Data shown —
»»

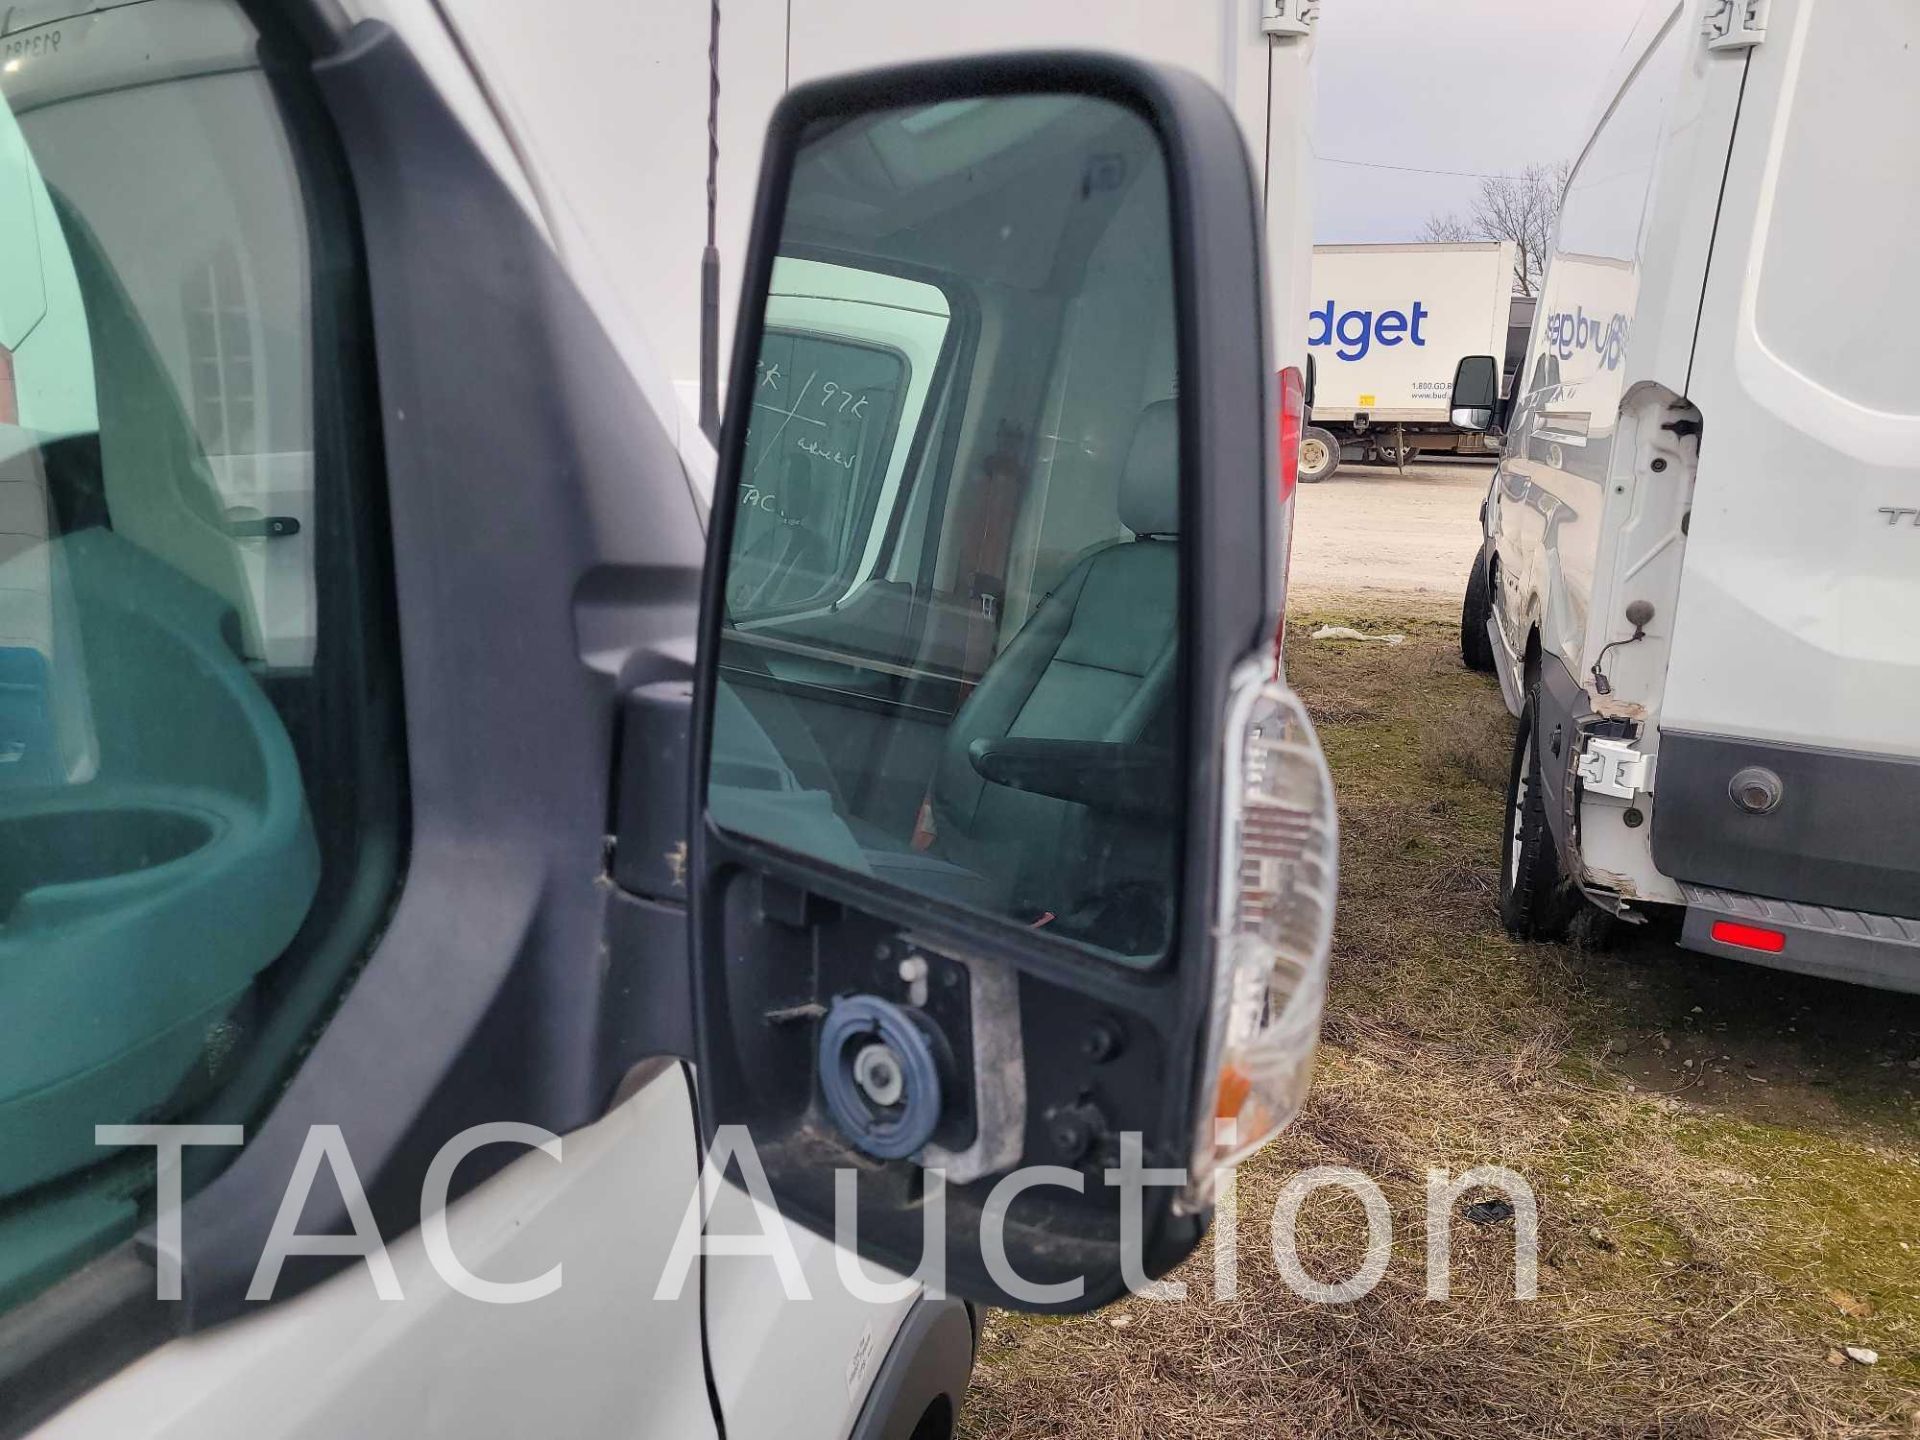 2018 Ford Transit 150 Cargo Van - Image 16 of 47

««
»»

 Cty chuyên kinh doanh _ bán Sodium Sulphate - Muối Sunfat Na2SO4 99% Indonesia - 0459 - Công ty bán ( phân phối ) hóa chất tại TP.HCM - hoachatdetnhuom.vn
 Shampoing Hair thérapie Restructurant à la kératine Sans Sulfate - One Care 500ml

««

Problem requirements — Copy verbatim, from the listing above, each line from the one containing "Cty chuyên kinh" down to the one containing "Shampoing Hair thérapie", inclusive.

Answer box —
 Cty chuyên kinh doanh _ bán Sodium Sulphate - Muối Sunfat Na2SO4 99% Indonesia - 0459 - Công ty bán ( phân phối ) hóa chất tại TP.HCM - hoachatdetnhuom.vn
 Shampoing Hair thérapie Restructurant à la kératine Sans Sulfate - One Care 500ml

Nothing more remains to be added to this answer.